Set the listing down exactly; no pictures.

- **Provided material**:
= Beginning of Section =

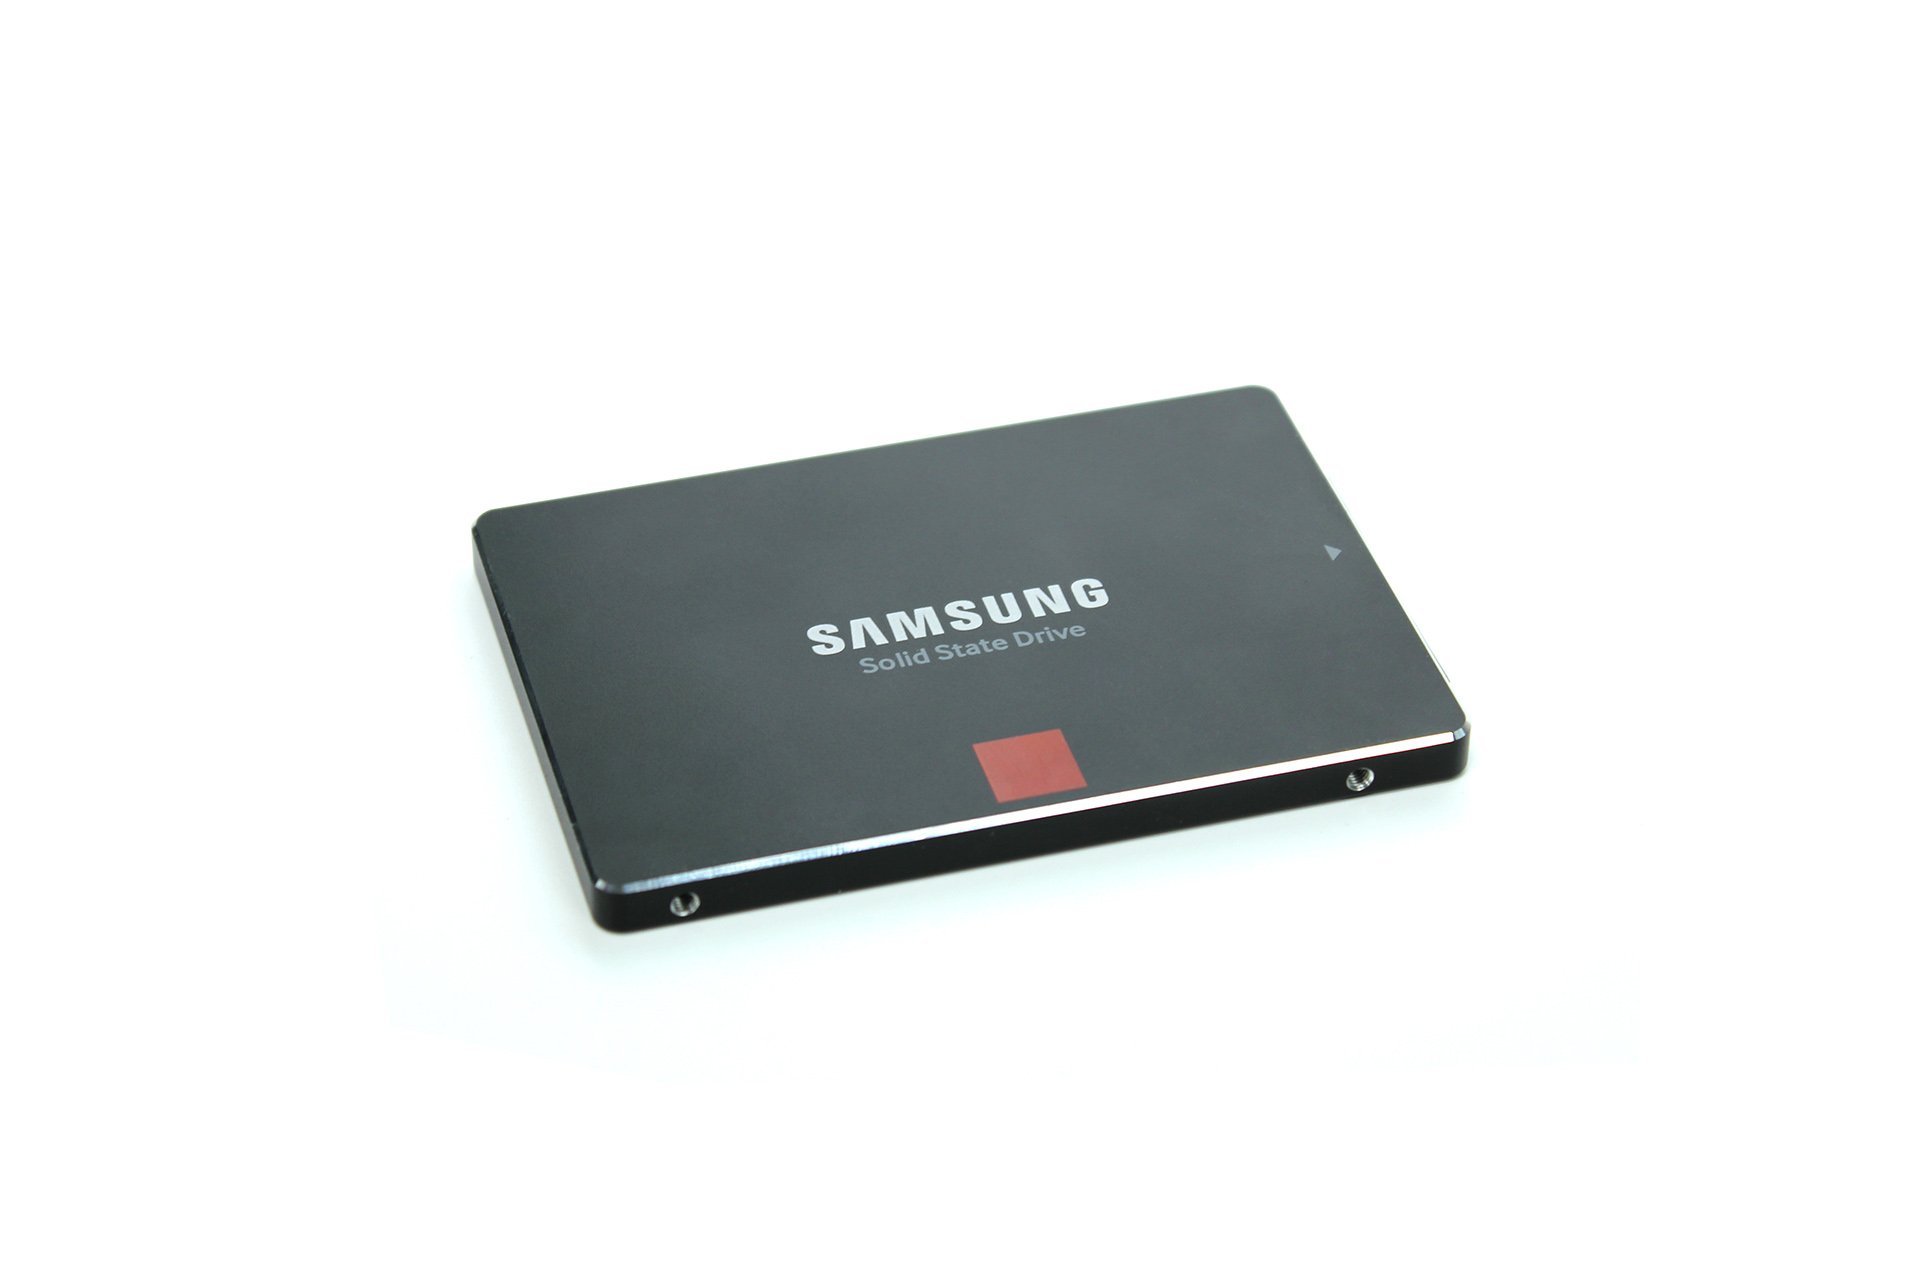 Samsung SSD 850 Pro 256 GB - Draufsicht
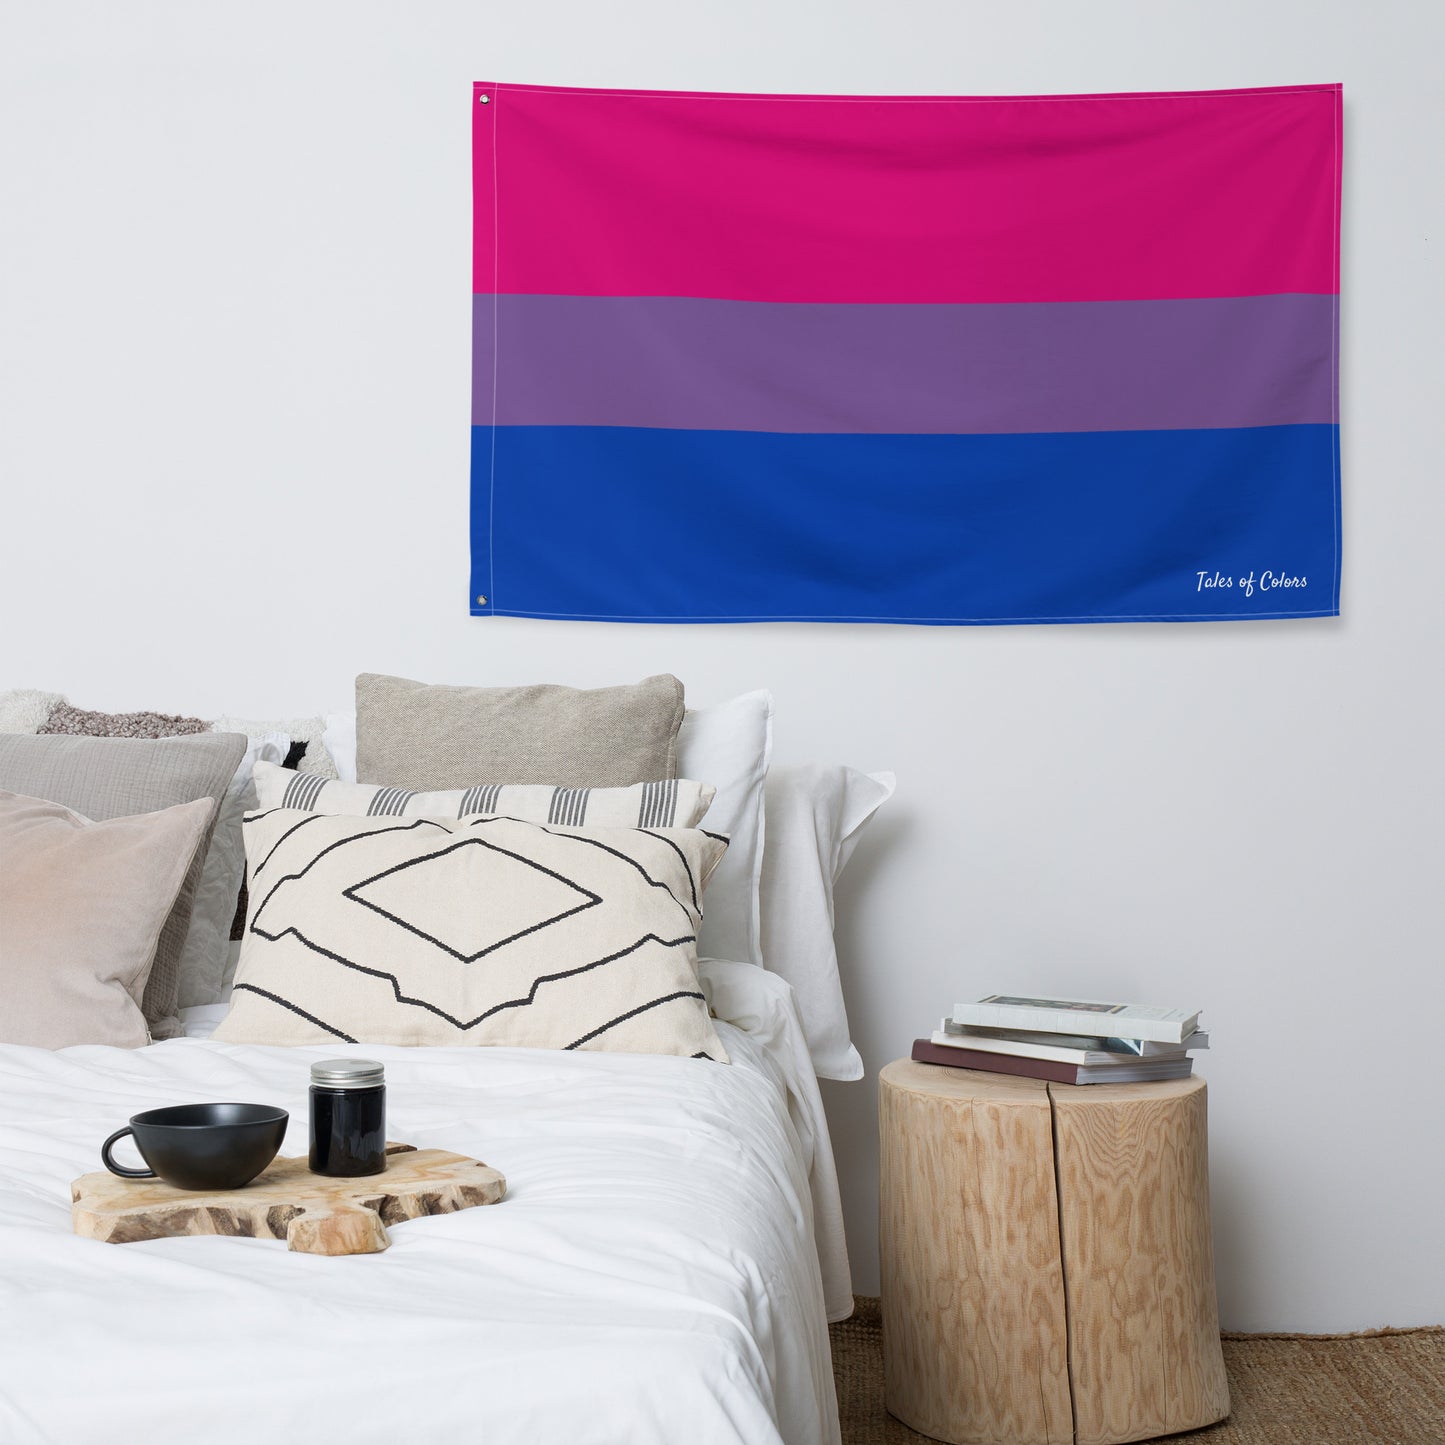 Bisexual Pride Flag
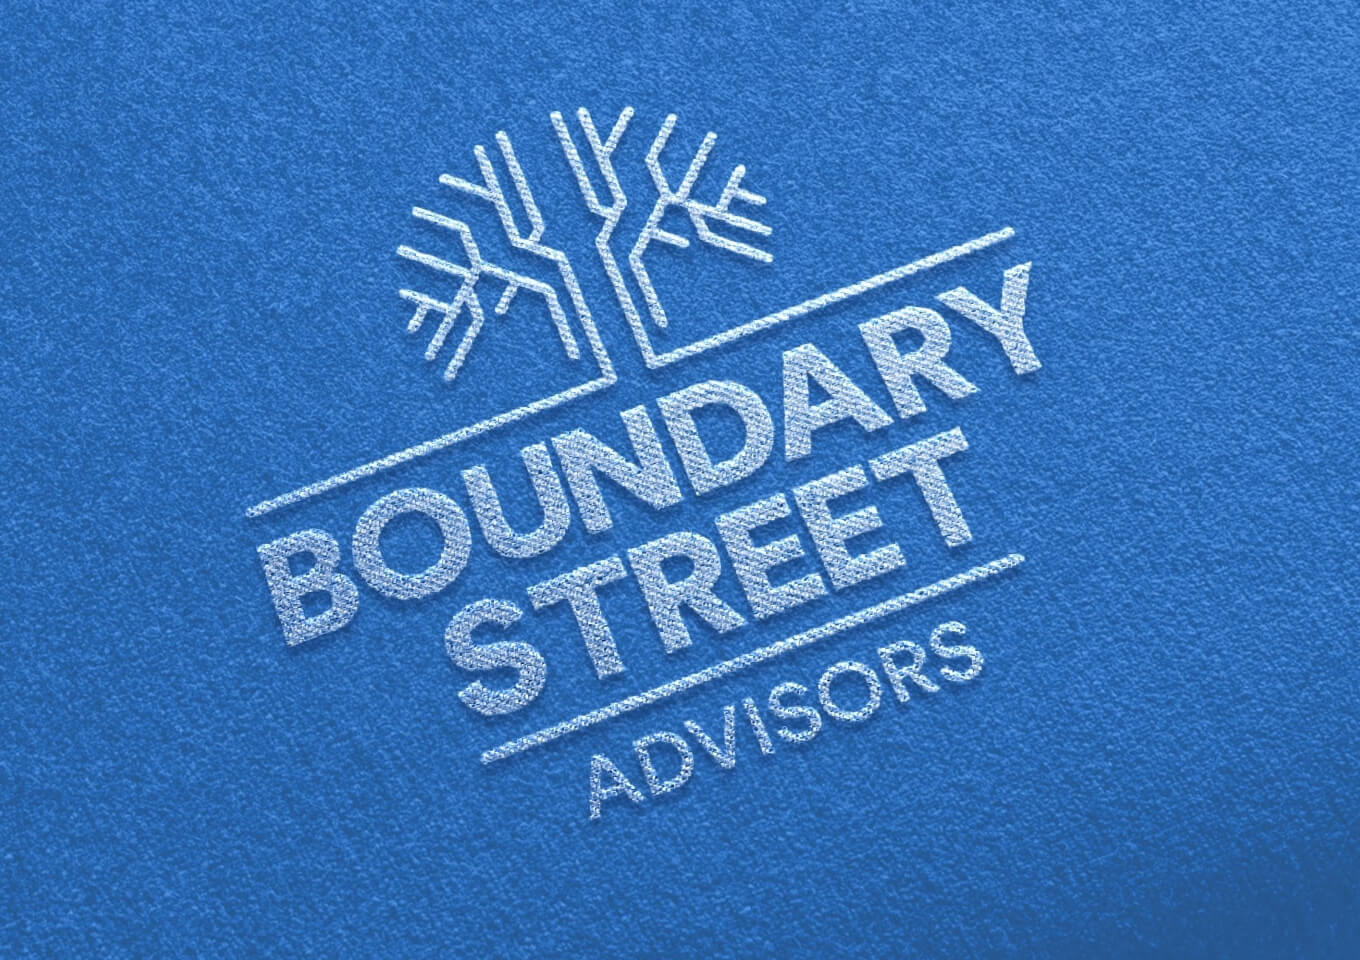 Boundary Street Advisors

= End of Section =

- **Output**:
 Samsung SSD 850 Pro 256 GB - Draufsicht
 Bisexual Pride Flag
 Boundary Street Advisors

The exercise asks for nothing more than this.